--- Task inputs Enclosed Below ---

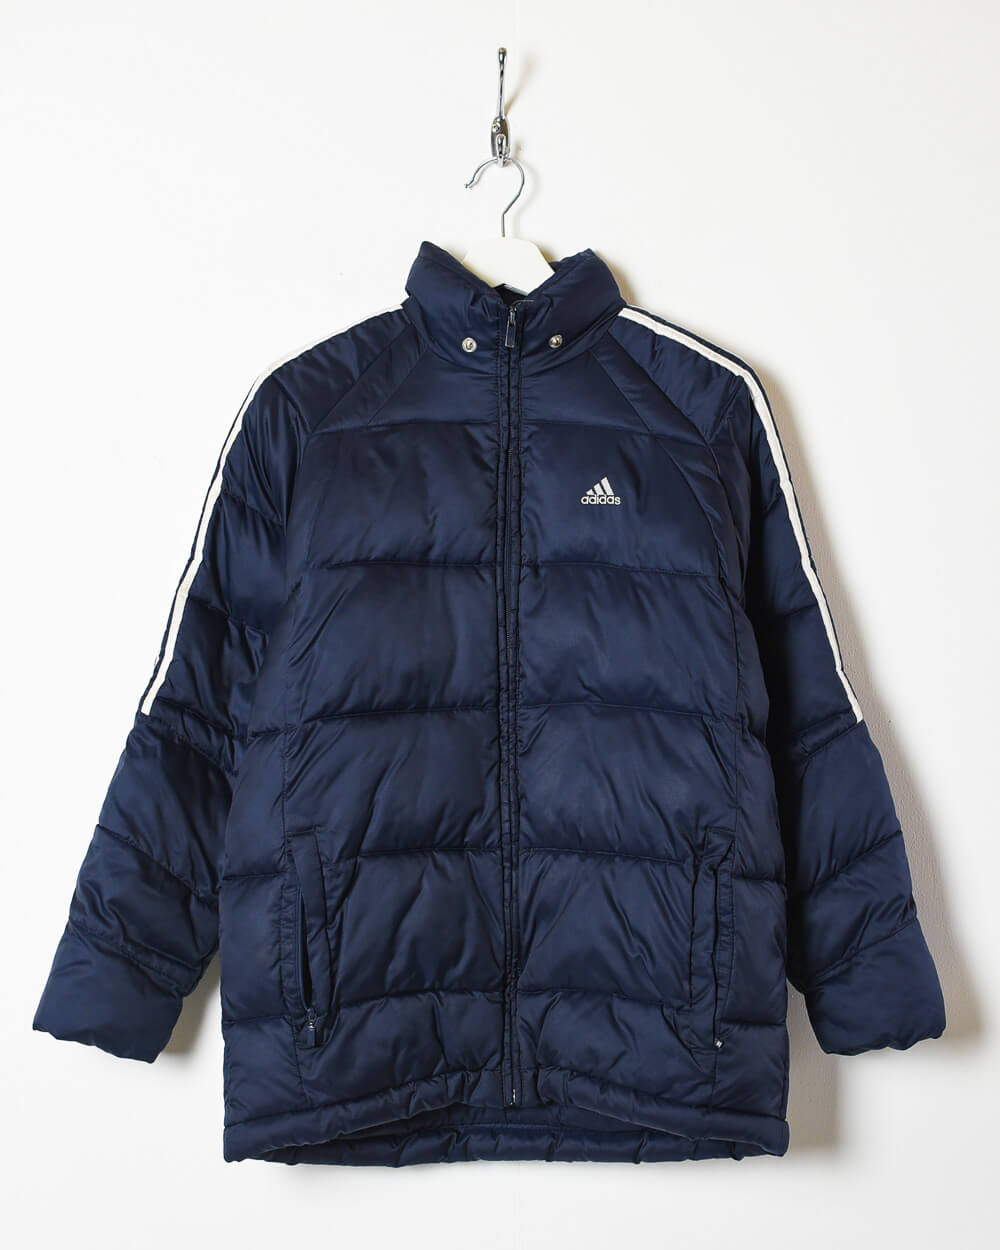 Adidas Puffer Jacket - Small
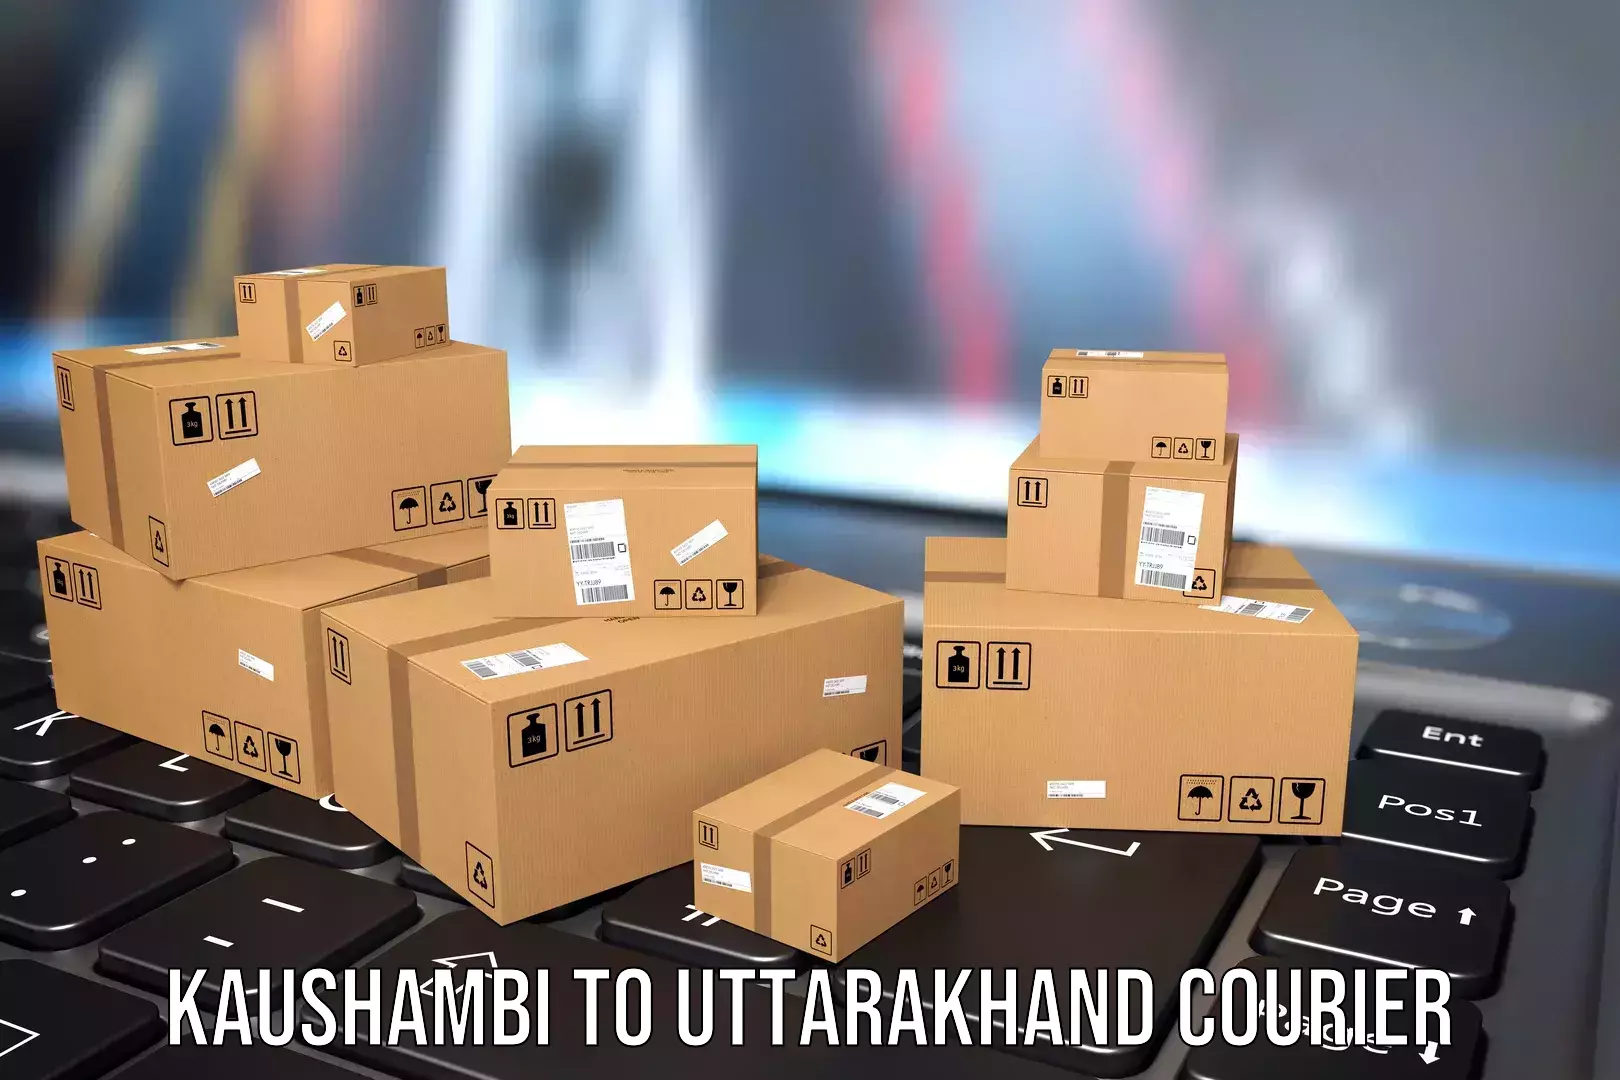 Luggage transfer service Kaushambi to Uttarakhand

--- End of Enclosed Task inputs ---
--- Task inputs Enclosed Below ---

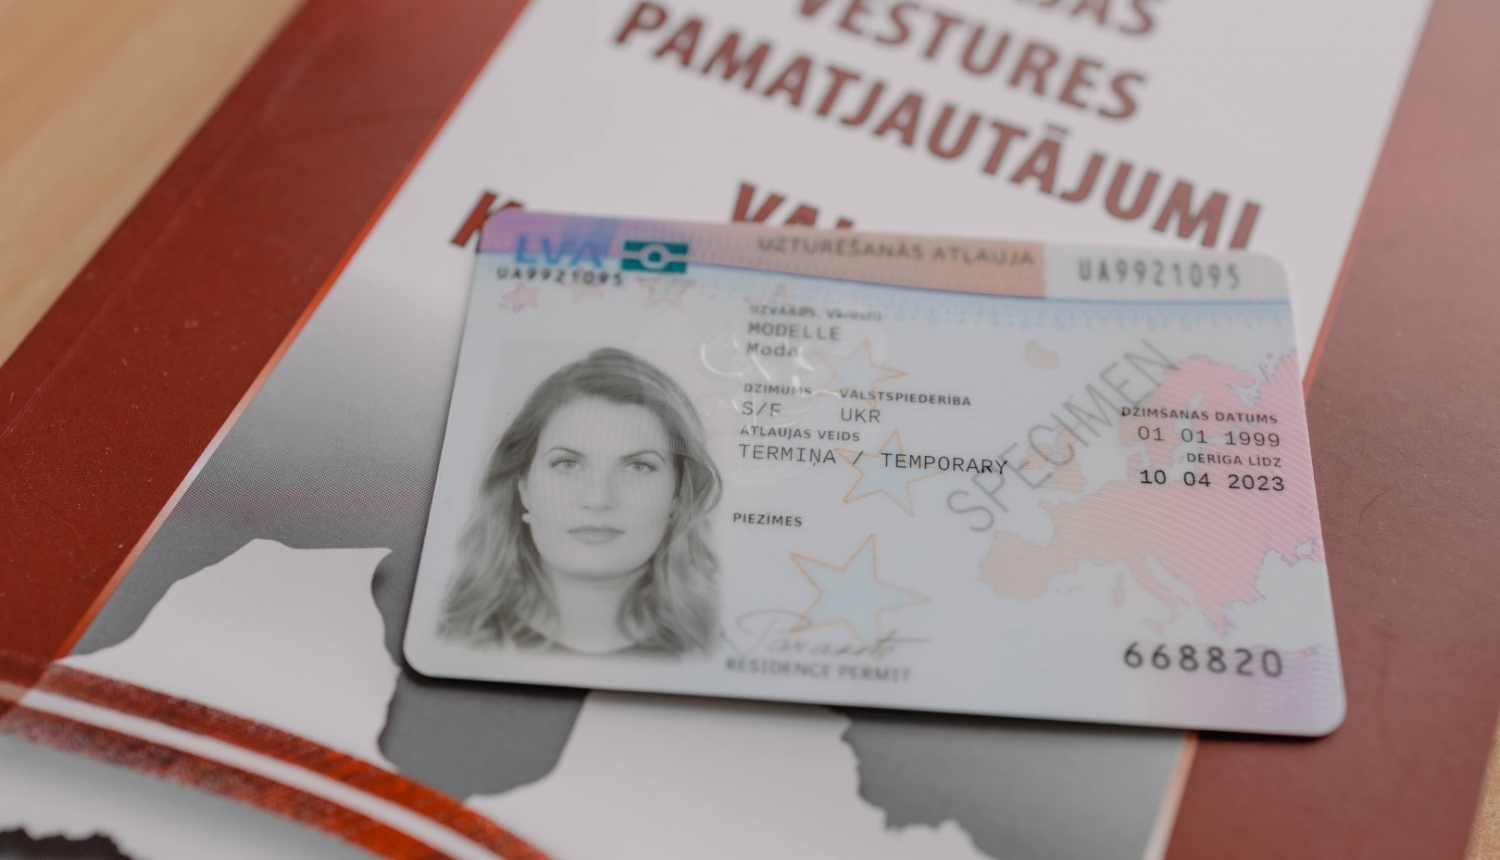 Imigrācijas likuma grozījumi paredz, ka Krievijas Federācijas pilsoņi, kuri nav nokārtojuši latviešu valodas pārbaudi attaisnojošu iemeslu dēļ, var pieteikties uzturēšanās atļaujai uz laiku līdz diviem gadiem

--- End of Enclosed Task inputs ---

- Task statement
From the material above, give again exactly the lines from the one that contains "Adidas Puffer Jacket - Small" through the one that contains "Luggage transfer service", and leave out the pictures.

- Result of the exercise
 Adidas Puffer Jacket - Small
 Luggage transfer service Kaushambi to Uttarakhand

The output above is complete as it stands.